Durch Umsetzungen will Innenminister Ralf Holzschuher (SPD) die Zahl der Streifenfahrten wieder auf das Niveau vor der Polizeireform anheben. Außerdem soll die Polizei wieder schneller am Einsatzort erscheinen.

svz.de von
erstellt am 15.Jan.2014 | 23:51 Uhr

Durch Umsetzungen will Innenminister Ralf Holzschuher (SPD) die Zahl der Streifenfahrten wieder auf das Niveau vor der Polizeireform anheben. Außerdem soll die Polizei wieder schneller am Einsatzort erscheinen.

Holzschuher sprach gestern auf einer Pressekonferenz in Potsdam von „Unwuchten in der Polizeireform“. Diese sollten in den kommenden Monaten ausgeglichen werden. Als größtes Problem hat der SPD-Politiker die Zahl der Streifenfahrten ausgemacht. Obwohl der Landtag zu Beginn der Polizeireform die Forderung formuliert hatte, dass sich an der Präsenz in der Fläche nichts ändern dürfe, sei die Zahl der täglich eingesetzten Funkstreifenwagen von durchschnittlich 124 vor der Reform auf rund 100 im Jahr 2013 gesunken. Im letzten November waren es durchschnittlich sogar nur 96 Streifenwagen pro Tag, räumte der Minister ein.
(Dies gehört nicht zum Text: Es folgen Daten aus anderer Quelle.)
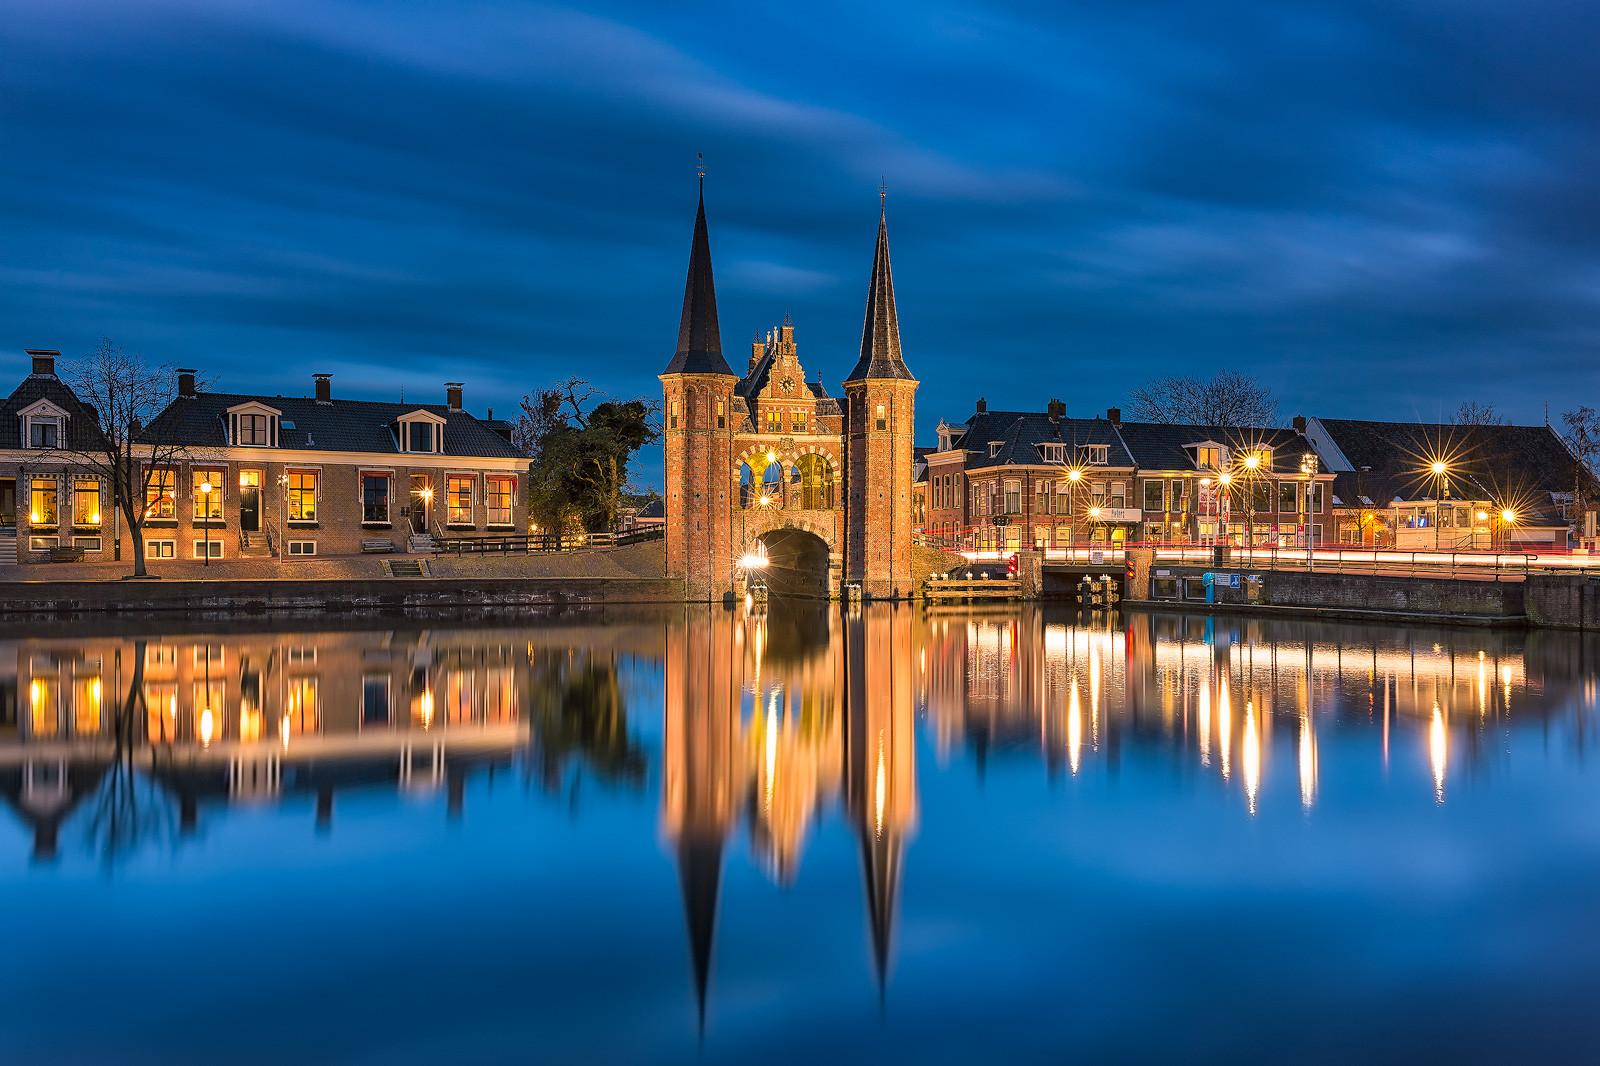 Foto apparatuur - Waterpoort in Sneek in Friesland tijdens de schemering op een mooie avond

Holzschuher verwies darauf, dass im Prinzip noch die gleiche Zahl von 1630 Beamten im Wach- und Wechseldienst wie vor der Reform eingesetzt sind. Allerdings sind allein 121 in andere Bereiche und Stäbe abgeordnet worden. Außerdem sei es immer noch nicht gelungen, die ehemaligen Wachen baulich so zu sichern, dass sie nachts abgeschlossen werden können. Die Bewachung von Dienstwaffen und Computern binde Dutzende Polizisten, die nicht für den Streifendienst herangezogen werden können.


150 Beamte mehr auf Streife


Holzschuher kündigte an, in den kommenden Monaten mindestens 150 Polizisten mehr für den Streifendienst einsetzen zu wollen. So soll ein Großteil der diesjährigen 140 Absolventen der Fachhochschule der Polizei dort ihren Dienst tun. Außerdem sollen Abordnungen rückgängig gemacht werden. Ausgenommen davon sind die Versetzungen zur Stärkung der Sicherheit in der Grenzregion. Außerdem sollen die Stäbe auf den Prüfstand gestellt werden. Als Ziel formulierte der Innenminister, ab Herbst wieder durchschnittlich 124 Streifenwagen im Einsatz zu haben.

Außerdem kündigte er Verbesserungen bei der Interventionszeit an. Der Zeitraum bis zum Eintreffen der Polizei in einem Notfall hat sich in den vergangenen Jahren von 23,24 Minuten auf 28,17 Minuten im vergangenen Jahr erhöht. Holzschuher betonte, dass die Polizeireform als solche nicht infrage gestellt werde. Allerdings werde mit einer Evaluierung begonnen, an deren Ende über den Stellenabbau neu zu entscheiden sei.

Für die CDU sprach der Landtagsabgeordnete Björn Lakenmacher von „unausgegorenen Personalverschiebungen“. Seine Fraktion fordere, die Polizeireform generell zu stoppen. Auch der innenpolitische Sprecher der FDP, Hans-Peter Goetz, äußerte am Mittwoch Zweifel an Holzschuhers Plänen. Seinen Berechnungen zufolge seien mindesten 300 Beamte notwendig, um die Zahl der Streifenfahrten wieder auf das Niveau vor der Reform zu heben. Ursula Nonnemacher (Grüne) forderte, der Innenminister müsse das Organisationschaos beenden, das die Polizisten von ihrer Arbeit abhalte.